Aleksander Smolar: Ten proces już się dokonuje w całej Europie, choć w różnych formach i w różnym tempie. Ujmując sprawę szerzej, chodzi o znalezienie kompromisu między zasadą gospodarczej efektywności a szeroko obecnym w społeczeństwie poczuciem sprawiedliwości, czy też ujmując inaczej – między logiką procesów rynkowych a procesami demokratycznymi podejmowania decyzji. To nie oznacza ograniczania polityki społecznej, ale raczej zdefiniowanie na nowo ważnego wymiaru obecności państwa w gospodarce.
Jak to?
Obecny model polityki społecznej państw demokratycznych oparty był na swoistym kontrakcie społecznym, wprowadzonym po drugiej wojnie światowej, aby uniknąć tragicznych konfliktów poprzednich dziesięcioleci z ich wojennymi i totalitarnymi konsekwencjami.
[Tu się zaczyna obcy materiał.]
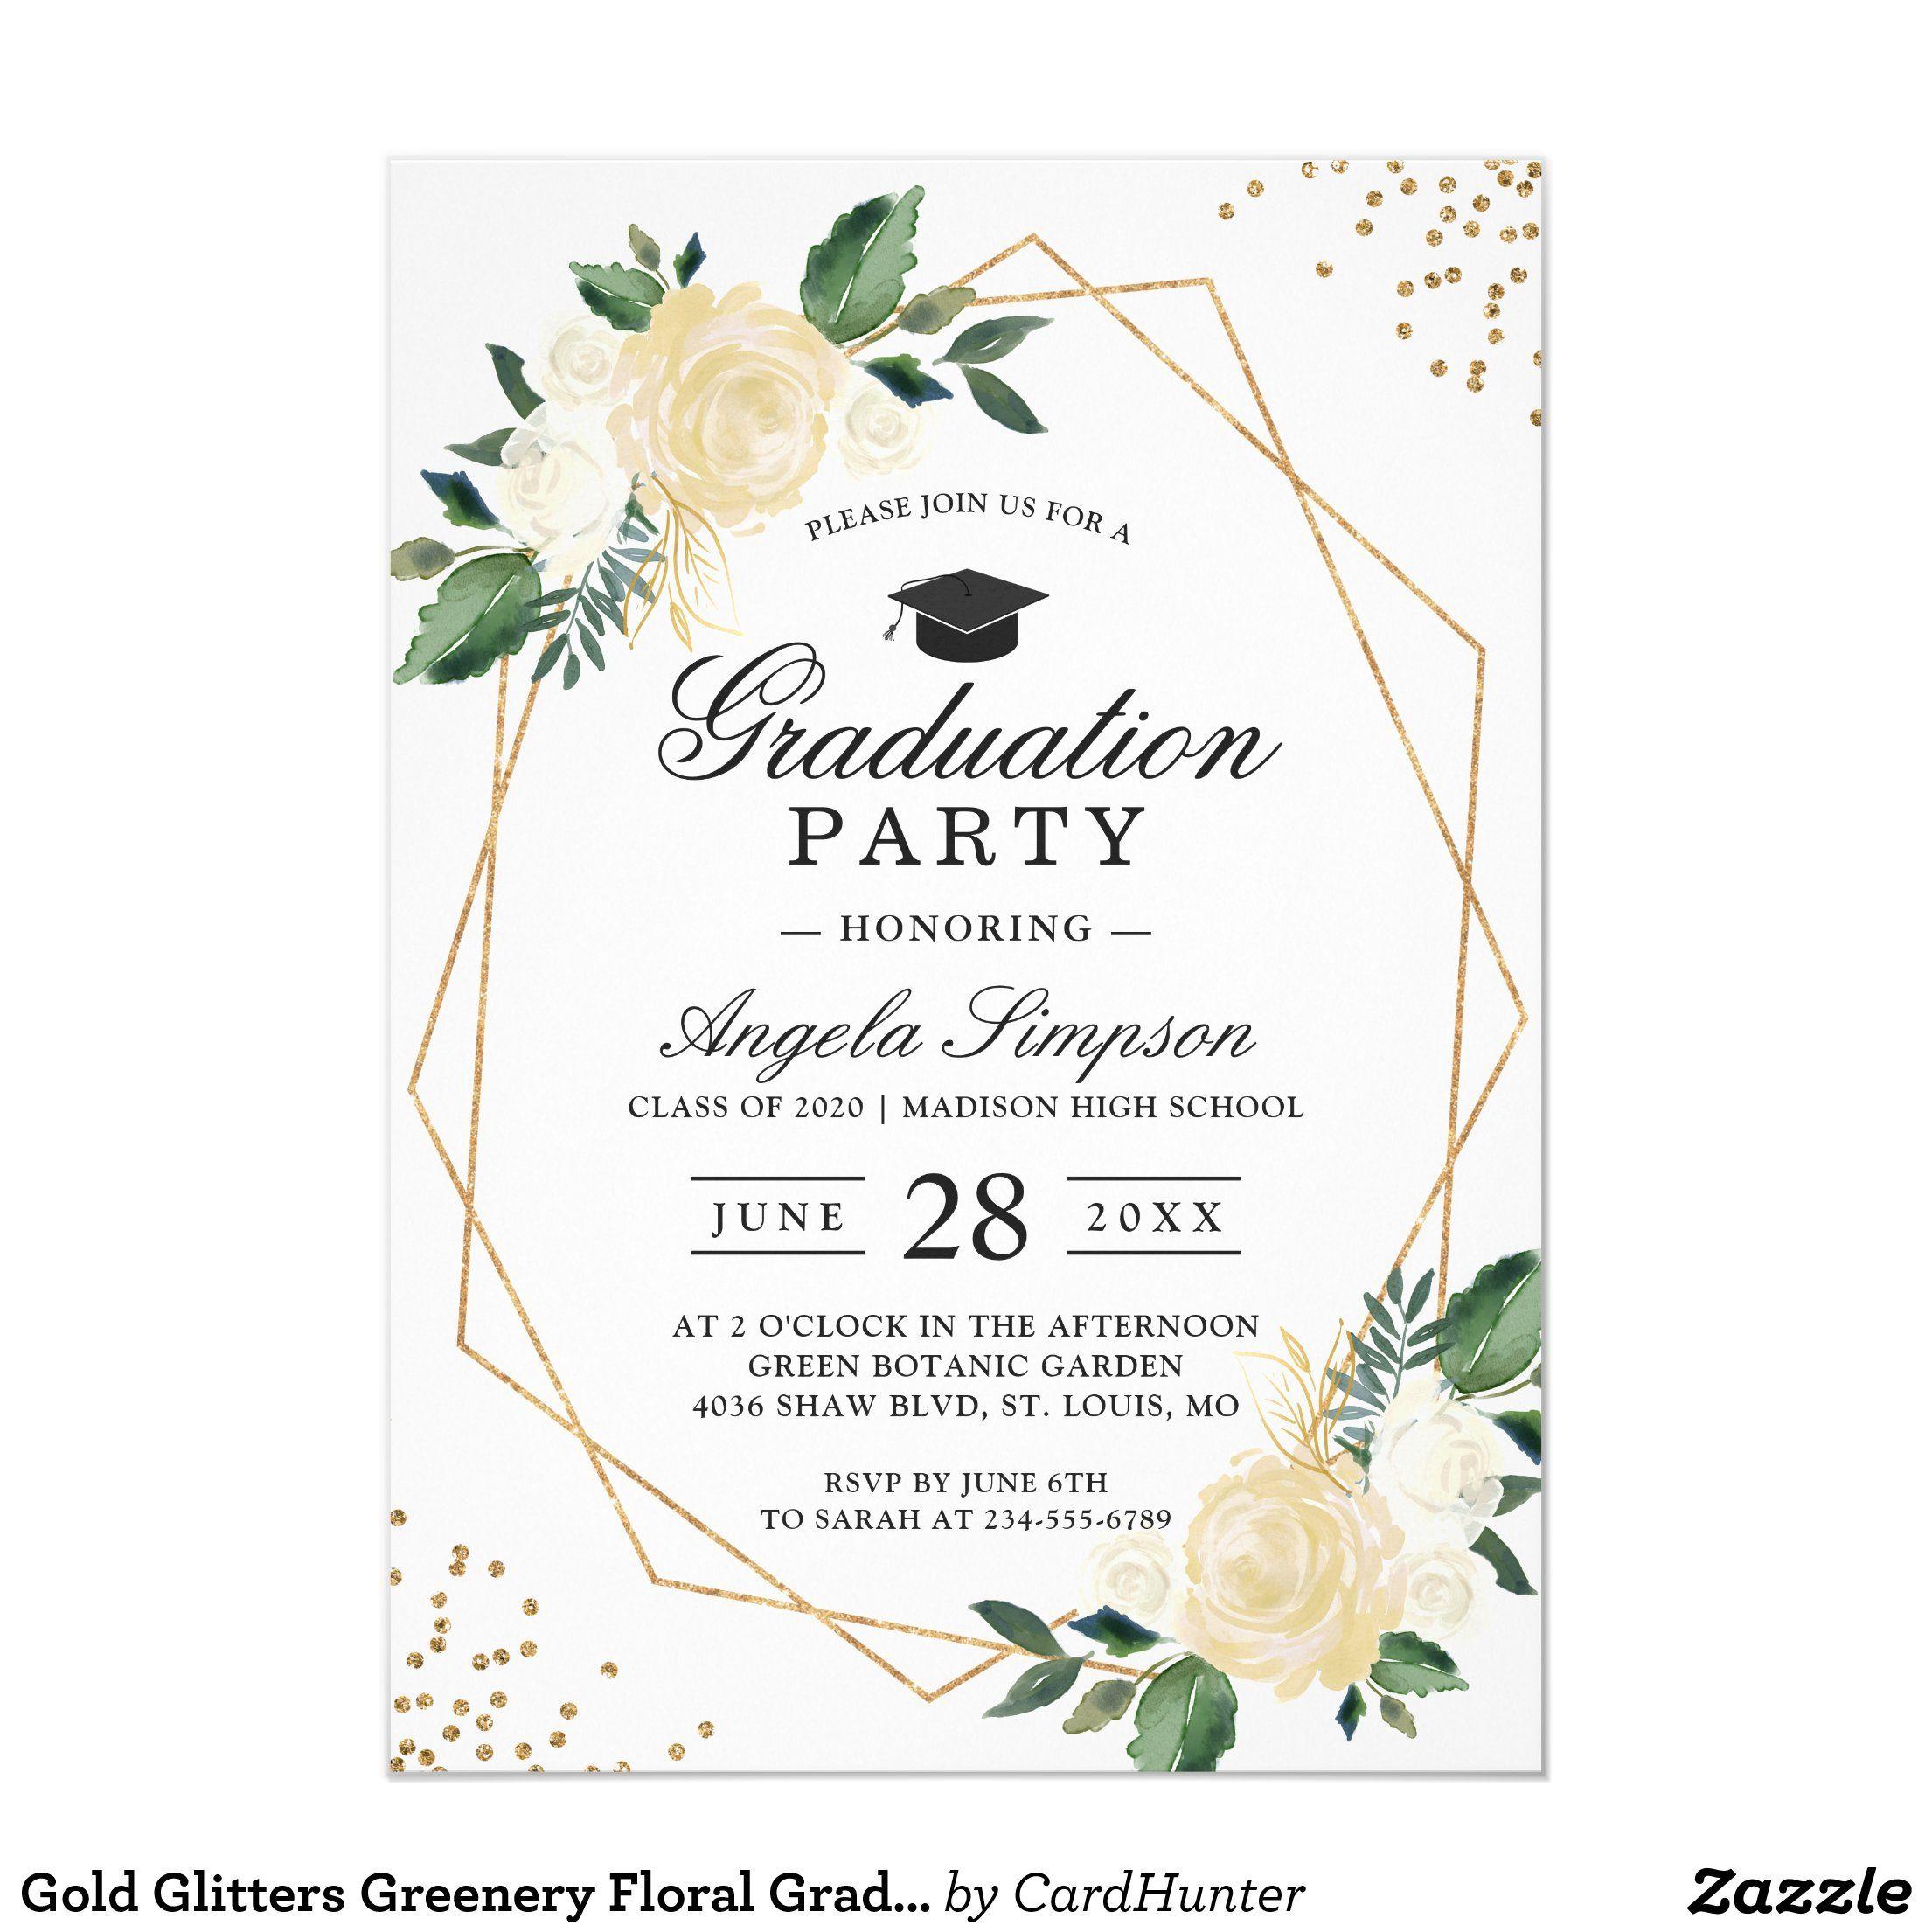 Photo of Gold Glitters Greenery Floral Graduation Party Invitation | Zazzle.com
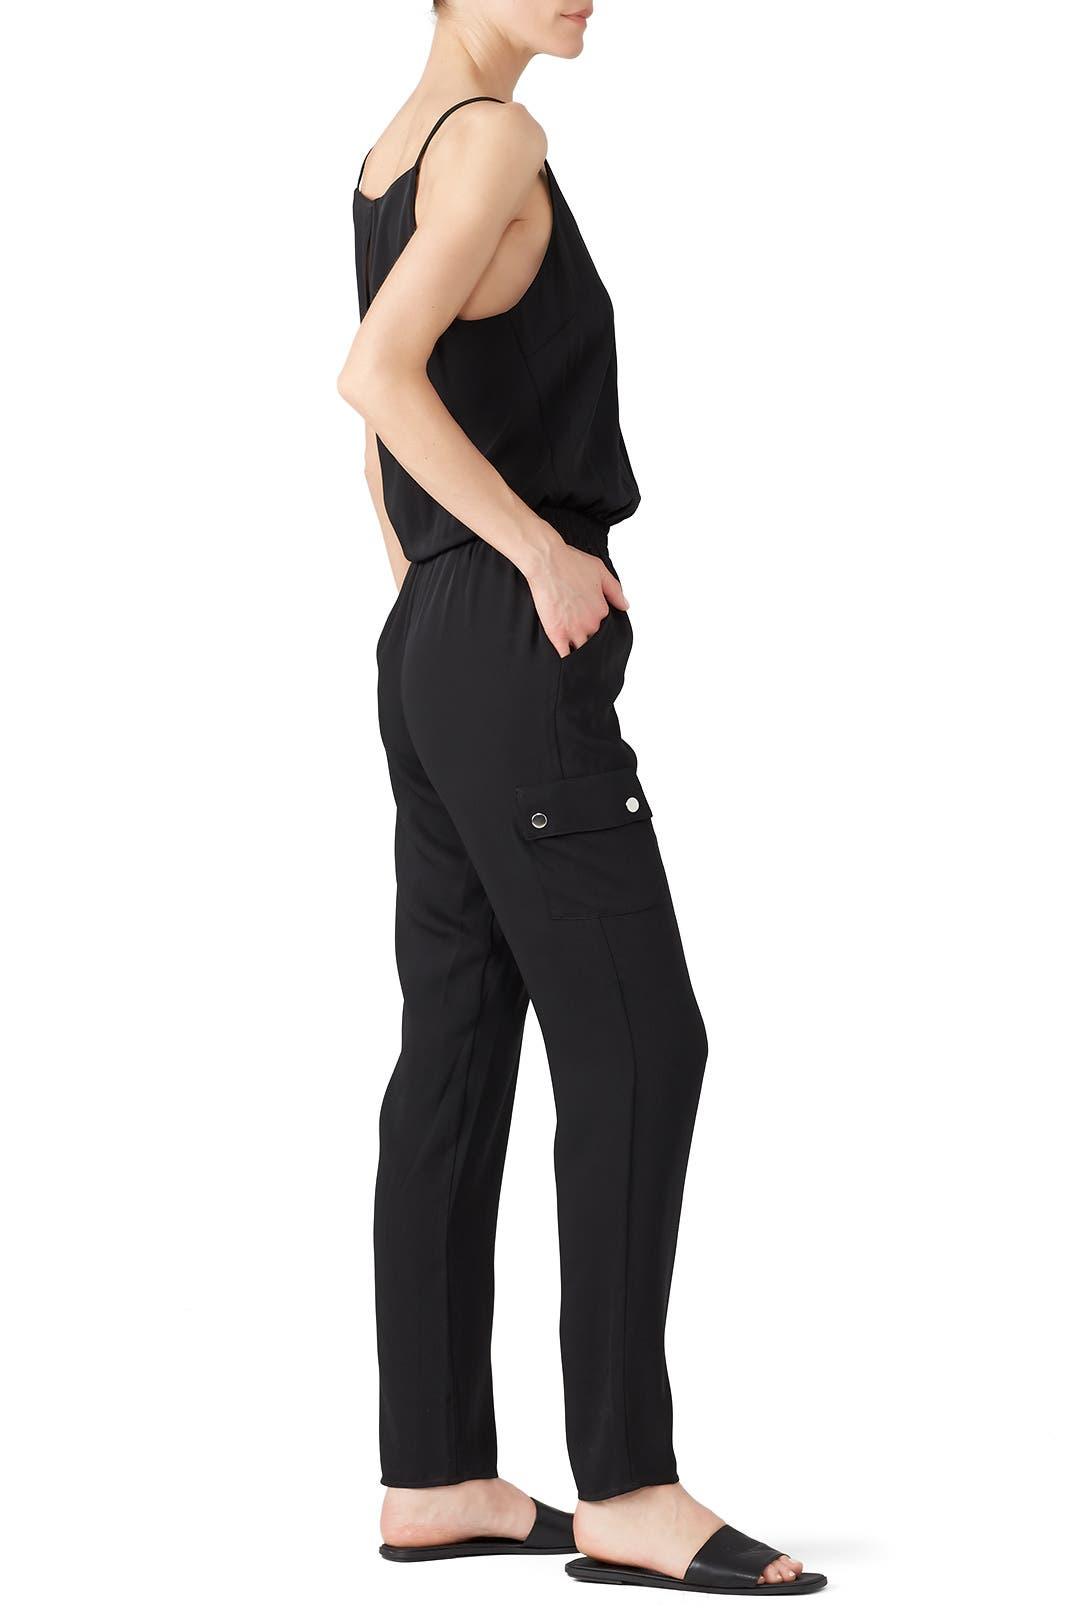 c6522e18a26 Merritt Jumpsuit by Amanda Uprichard for  45

Miał on zapewnić równocześnie rozwój Europy i pokój społeczny. Ten ład zaczął się kruszyć już na początku lat 70. ubiegłego wieku. Następstwem tego była coraz bardziej zachwiana równowaga między rynkiem a demokracją. Zasady rynkowe promują najbardziej aktywnych, przedsiębiorczych, demokracja zabezpiecza interesy większości, jej potrzeby sprawiedliwości i bezpieczeństwa. Paradoksalnie upadek komunizmu – trudno przecenić jego dobrodziejstwa – spowodował zarazem w krajach demokratycznych osłabienie mechanizmów kontroli narastających nierówności dochodowych i majątkowych. Zasadniczą rolę odegrała tu, jak się wydaje, globalizacja. Skutkiem społecznym jest coraz silniejsze poczucie braku sprawiedliwości. Politycznym – pojawienie się nowych ruchów radykalnych. Również ujawnienie się nowej płaszczyzny podstawowych konfliktów: nie tradycyjnej konfrontacji lewicy z prawicą, lecz technokratycznych coraz bardziej elit z masowymi ruchami populistycznymi o odcieniu lewicowym czy prawicowym.
Kończy się spokój społeczny?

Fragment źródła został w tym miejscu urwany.